Another brilliant piece from a GUNNAS WRITING MASTERCLASS WRITER.

I remember asking my old man every day for a week to help me with an art assignment. He was usually pissed and didn’t pay me too much attention. I’d learned young to duck and weave and stay out of the way. I had asked for a piece of timber to be cut. Eventually, I did what I always do (to this day) when I want something done. I did it myself. I raised the axe (possibly not the right tool for the job) above my head, the handle and the axe head separated and fell right into my face. I was eleven. I walked to the house up the hill. The home of my best friend and they took me to be stitched up.

Conveniently close, the house up the hill. My home away from home, the place I went when things were really shitty.

My dad’s response to the incident went something like “the only thing you had going for you is your pretty face and now that’s fucked too”.

I decided I would have an amazing life. Stand up, be successful and strong, responsible, accountable, sensible, sober.

I barely graduated high school. I was high or drunk most of my senior years. Pregnant at 22 and again at 23. My Dad reminded me of my failures on a regular basis. I don’t feel sorry for myself.

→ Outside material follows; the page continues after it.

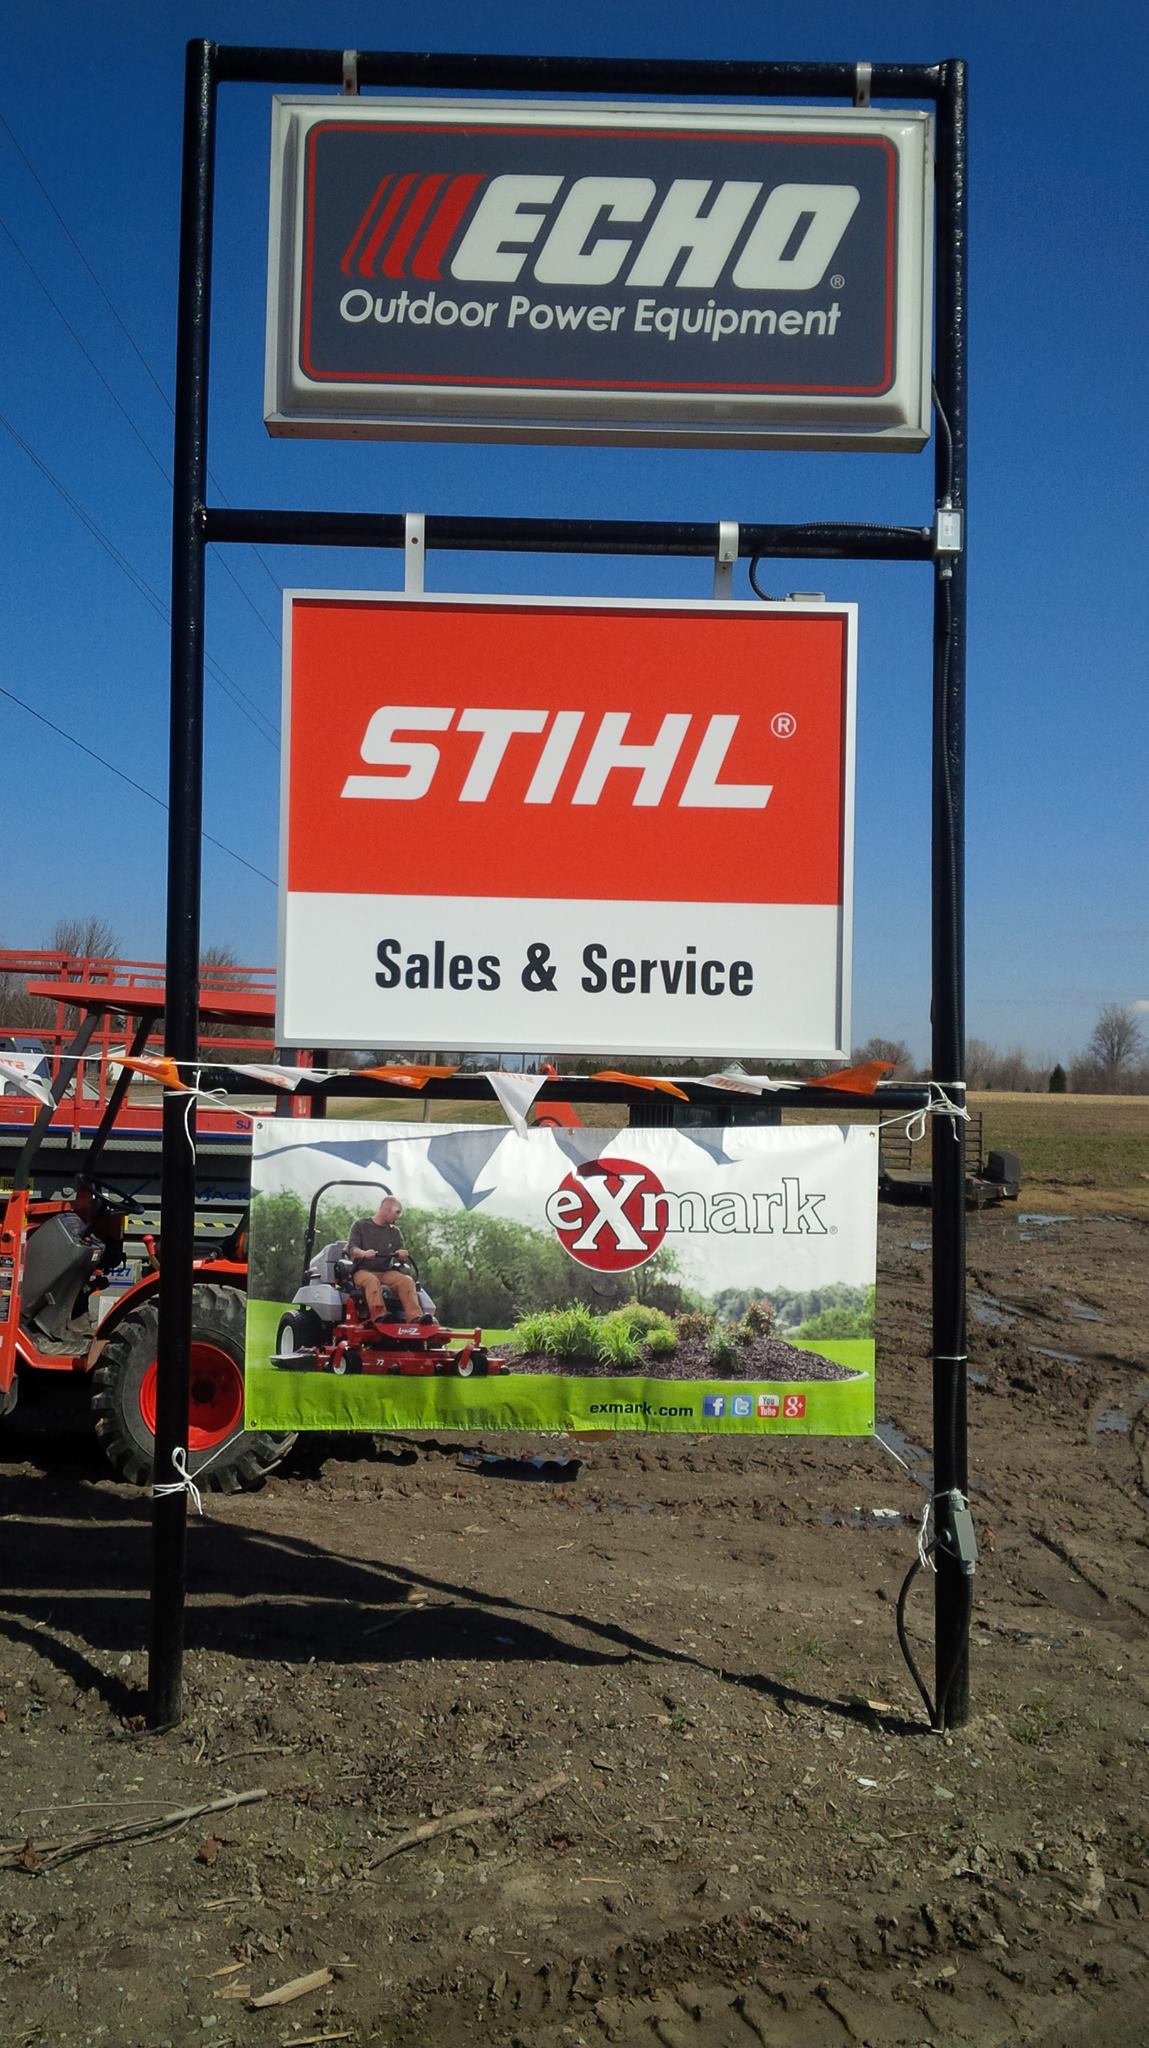 STIHL Dealer Days and Echo National sales event at DNR!

Sometimes, I nail it and sometimes I make terrible fucking decisions and so, the journey continues.

I remember hiding under the bed when I was small. Hoping to be overlooked in the latest drunken rage, I remember being told I was worthless and pointless and that I had ruined his life. I don’t remember any kind words or hugs. I don’t remember ever being encouraged. I remember the shouting and the smashing, I remember the backhanders for no reason. I don’t feel sorry for myself.

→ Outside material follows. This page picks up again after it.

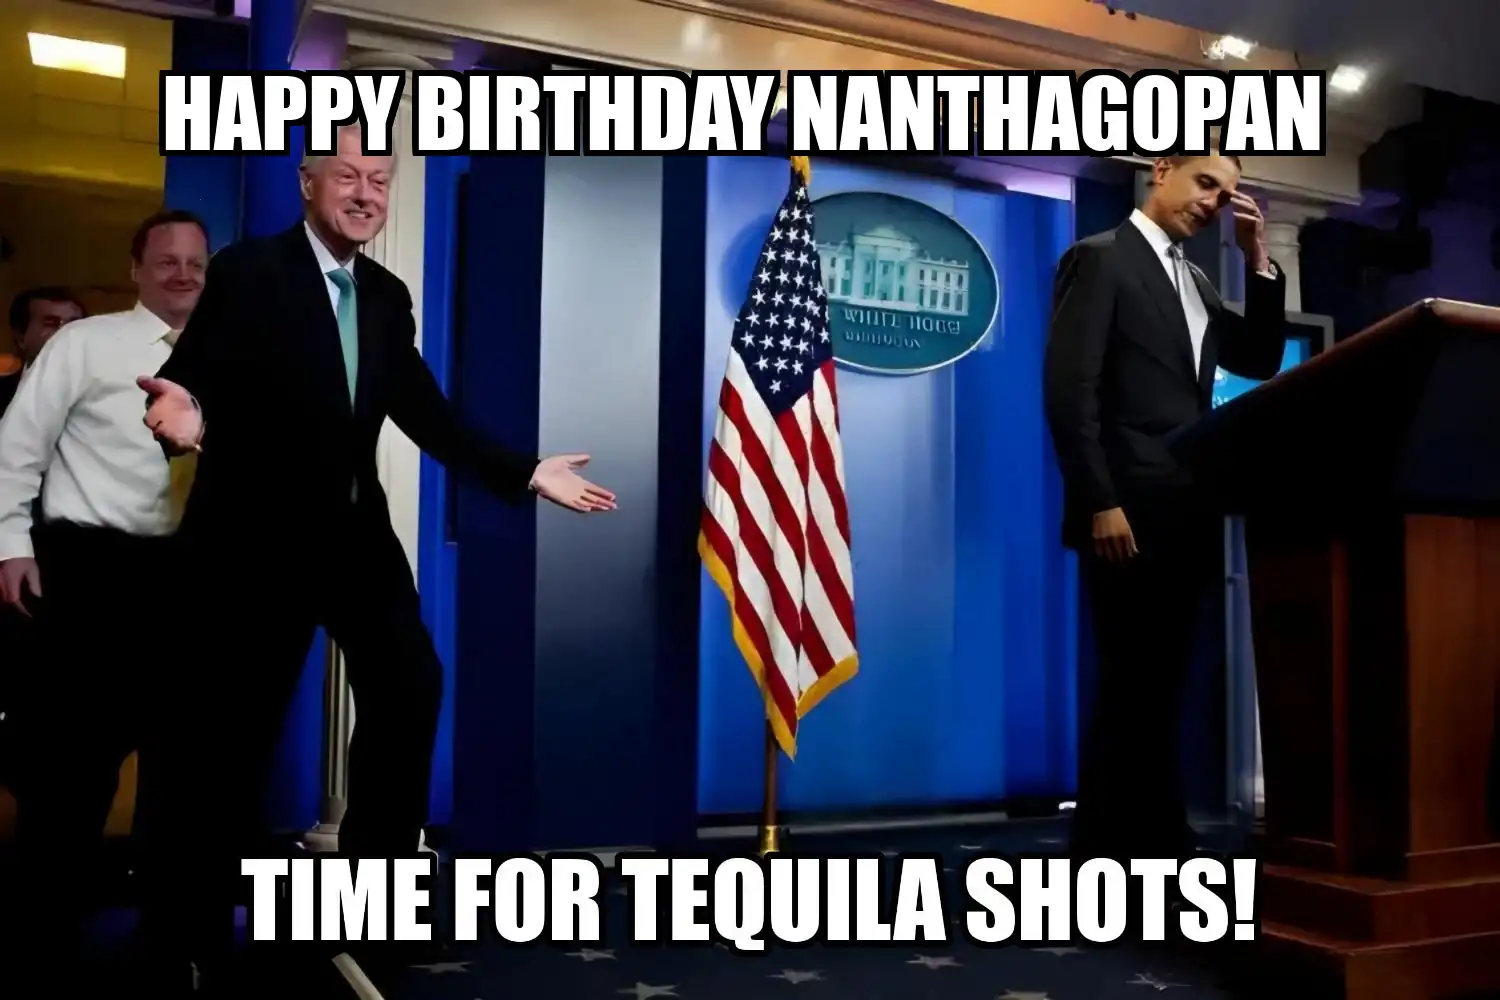 Happy Birthday Nanthagopan Time For Tequila Shots Memes

I am a grown arse woman. I am accountable. I take responsibility, I look for a lesson in most things. I don’t believe any parent sets out to do a shithouse job raising a kid.  He was just doing the best he could do with what he had. Fuck, aren’t we all.

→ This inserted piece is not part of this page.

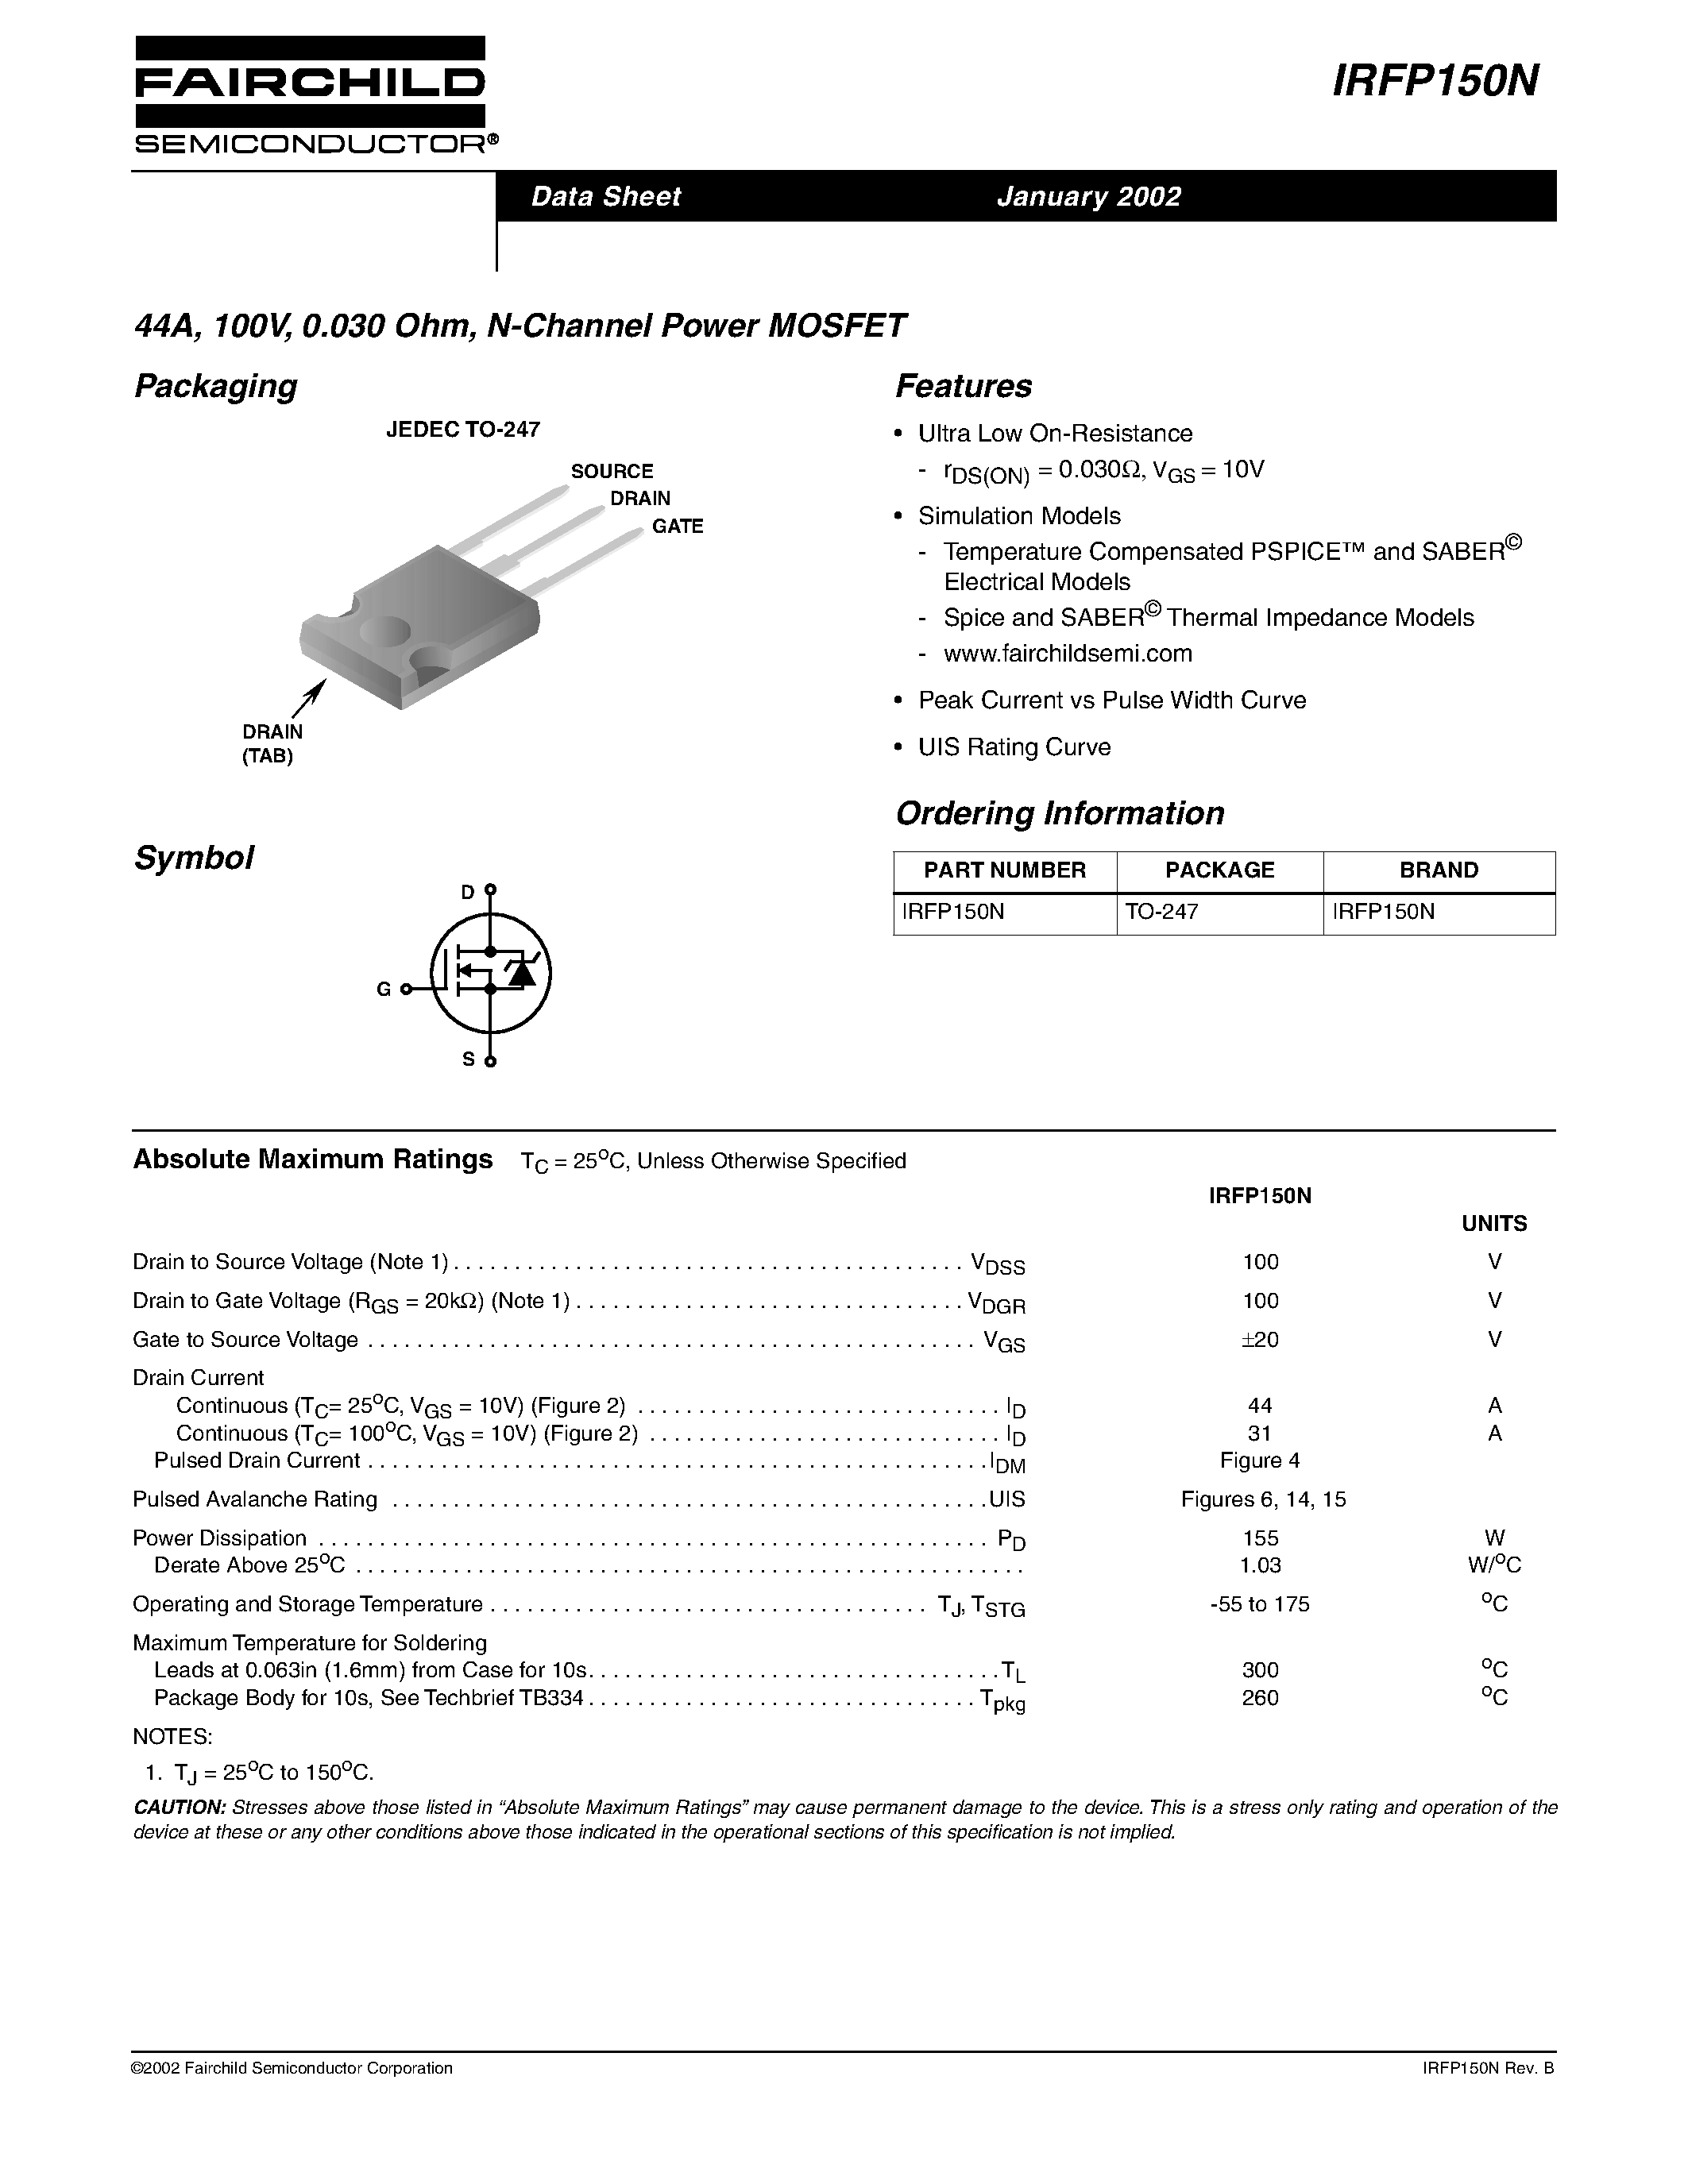 Datasheet IRFP150N - N-Channel Power MOSFET page 1

Life rises and falls in stories. I am aware: my moods, my emotional wellbeing, my mental health. I am like a book. Each new story has a beginning, a middle and thankfully always an end.  I can sense it before it arrives. I manage it. I take extra care; I prioritise and schedule around it. I don’t feel sorry for myself.

Most days, this journey is filled with intense happiness, the other days are just horrible. I don’t feel sorry for myself, but then I don’t feel sorry for my father either.